Oleh karena itu, tidak heran kalau ulama klasik dan kontemporer berselisih (ikhtilaf) pendapat tentang halal dan haramnya. Inti dari pendapat ulama tentang rokok terbagi dua yaitu haram secara mutlak dan mubah (boleh) atau makruh (tidak dianjurkan tetapi tidak haram).
Pendapat yang membolehkan rokok
Pendapat itu mengambil dalil kaidah fikih segala sesuatu pada asalnya adalah mubah. Abdur Rahman ibn Muhammad ibn Husain ibn 'Umar Ba'alawiy di dalam Bughyatul Mustarsyidin (halaman 260) menyatakan tidak ada hadis mengenai tembakau dan tidak ada atsar (ucapan dan tindakan) dari seorang pun di antara para shahabat Nabi SAW. Jelasnya, jika terdapat unsur-unsur yang membawa mudarat bagi seseorang pada akal atau badannya, hukumnya adalah haram sebagaimana madu itu haram bagi orang yang sedang sakit demam dan lumpur itu haram bila membawa mudarat bagi seseorang.
"Namun kadang kala terdapat unsur-unsur yang mubah tetapi berubah menjadi sunah sebagaimana bila sesuatu yang mubah itu dimaksudkan untuk pengobatan berdasarkan keterangan terpercaya atau pengalaman dirinya bahwa sesuatu itu dapat menjadi obat untuk penyakit yang diderita sebagaimana berobat dengan benda najis selain khamr. Sekiranya terbebas dari unsur-unsur haram dan mubah, hukumnya makruh karena bila terdapat unsur-unsur yang bertolak belakang dengan unsur-unsur haram itu dapat dipahami makruh hukumnya," paparnya.
Mahmud Syaltut di dalam Al-Fatawa (halaman 383-384) menyatakan tentang tembakau, sebagian ulama menghukumi halal karena memandang bahwasanya tembakau tidaklah memabukkan dan hakikatnya bukanlah benda yang memabukkan. Di samping itu juga tidak membawa mudarat bagi setiap orang yang mengkonsumsi.
Pada dasarnya, lanjutnya, semisal tembakau adalah halal, tetapi bisa jadi haram bagi orang yang memungkinkan terkena mudarat dan dampak negatifnya.

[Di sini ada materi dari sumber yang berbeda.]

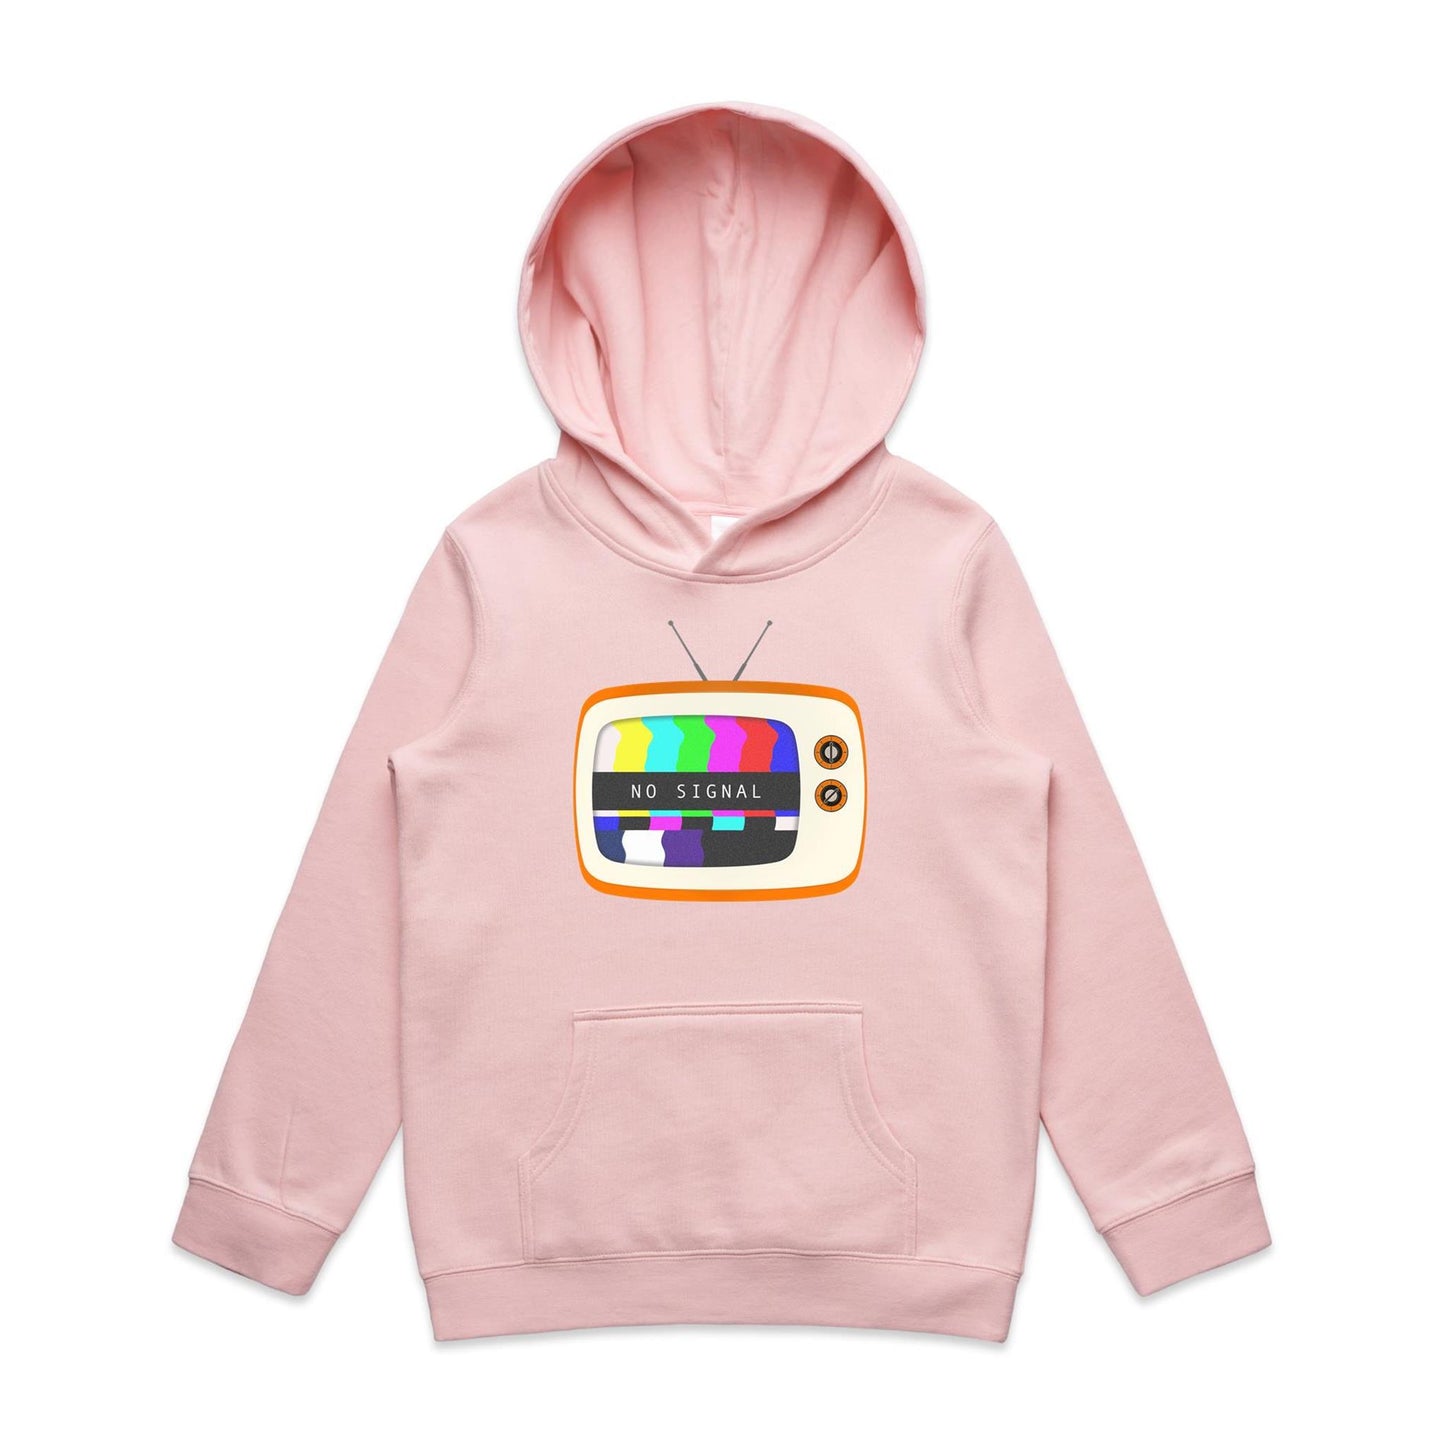 Retro TV - Youth Supply Hood Pink Kids Hoodie

Sedangkan sebagian ulama lain menghukumi haram atau makruh karena memandang tembakau dapat mengurangi kesehatan, nafsu makan, dan menyebabkan organ-organ penting terjadi infeksi serta kurang stabil.

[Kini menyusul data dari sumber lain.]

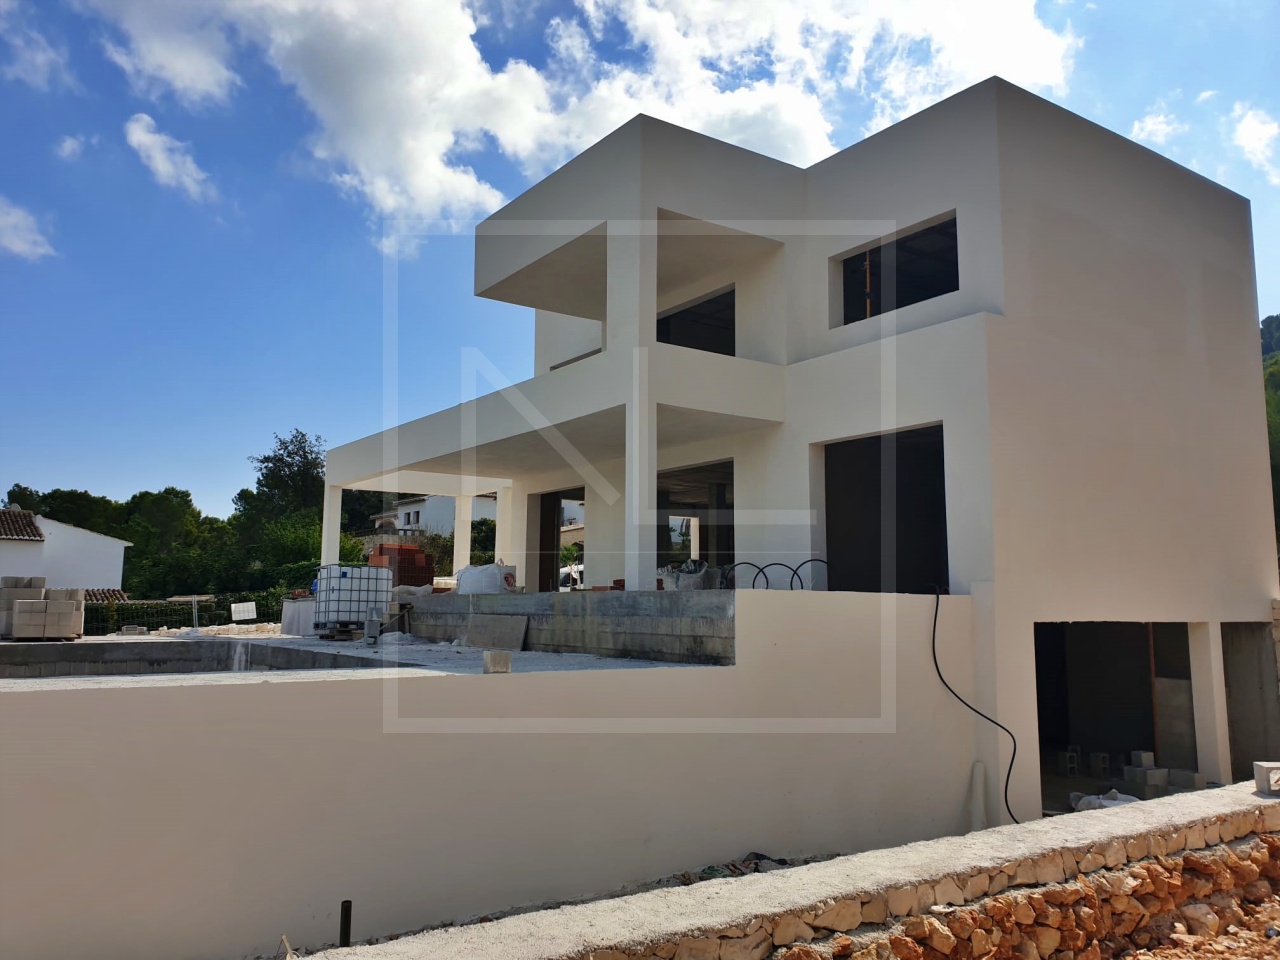 Villa de 3 dormitorios y 3 baños en venta en Javea

Prof Dr Wahbah Az-Zuhailiy di dalam Al-Fiqh al-Islamiy wa Adillatuh, hlm. 6/166-167, menyatakan terkait masalah kopi dan rokok, penyusun kitab Al-'Ubab dari mazhab Asy-Syafi'i ditanya mengenai kopi, lalu ia menjawab bahwa (kopi itu sarana) hukum, setiap sarana itu sesuai dengan tujuannnya. Jika sarana itu dimaksudkan untuk ibadah, ia menjadi ibadah. Untuk yang mubah, ia menjadi mubah. Untuk yang makruh, ia menjadi makruh atau haram, ia menjadi haram.
Hal ini dikuatkan oleh sebagian ulama dari mazhab Hambali terkait penetapan tingkatan hukum ini. Syaikh Mar'i ibn Yusuf dari mazhab Hambaliy, penyusun kitab Ghayah al-Muntaha mengatakan, jawaban tersebut mengarah pada rokok dan kopi itu hukumnya mubah, tetapi bagi orang yang santun lebih utama meninggalkan keduanya.

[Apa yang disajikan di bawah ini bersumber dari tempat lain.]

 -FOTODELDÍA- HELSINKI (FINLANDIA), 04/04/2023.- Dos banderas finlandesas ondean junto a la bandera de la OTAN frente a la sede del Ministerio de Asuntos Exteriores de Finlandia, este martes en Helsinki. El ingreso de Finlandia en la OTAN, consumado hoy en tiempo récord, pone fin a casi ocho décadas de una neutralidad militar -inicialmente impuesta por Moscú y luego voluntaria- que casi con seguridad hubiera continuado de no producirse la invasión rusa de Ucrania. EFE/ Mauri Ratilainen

Sedangkan Shaykh Hazim Abu Ghazalah, ulama Yordania, menganggap rokok itu makruh. Berikut fatwanya.
"Hukum Islam dalam soal merokok adalah tidak ada dalil eksplisit (qathi) dalam Al-Qur'an atau Sunah (hadis) Nabi. Yang ada adalah firman Allah dalam QS Al-A'raf 7:157. Ayat ini sangat umum dan sama sekali tidak mengarah pada rokok. Ayat ini merujuk pada yang terdapat pada perkara-perkara yang diharamkan seperti minum khamr (minuman keras), judi, zina, riba, dan lain-lain. Oleh karena itu, saya tidak bisa menetapkan hukum yang pasti untuk mengharamkan rokok, untuk menghukumi makruh tahrim. Saya hanya bisa menganjurkan saudara-saudara kita yang perokok agar meninggalkan kebiasaan buruk ini.
Lembaga Bahtsul Masail (LBM) PBNU pada 25 Februari 2011 memutuskan bahwa rokok itu hukumnya makruh atau mubah. Para ulama NU dalam bahtsul masail menilai tidak ada dasar yang kuat untuk mengharamkan rokok. Namun, khusus bagi orang-orang dalam kondisi tertentu, misalnya memiliki penyakit dan penyakitnya bisa bertambah parah jika merokok, rokok diharamkan.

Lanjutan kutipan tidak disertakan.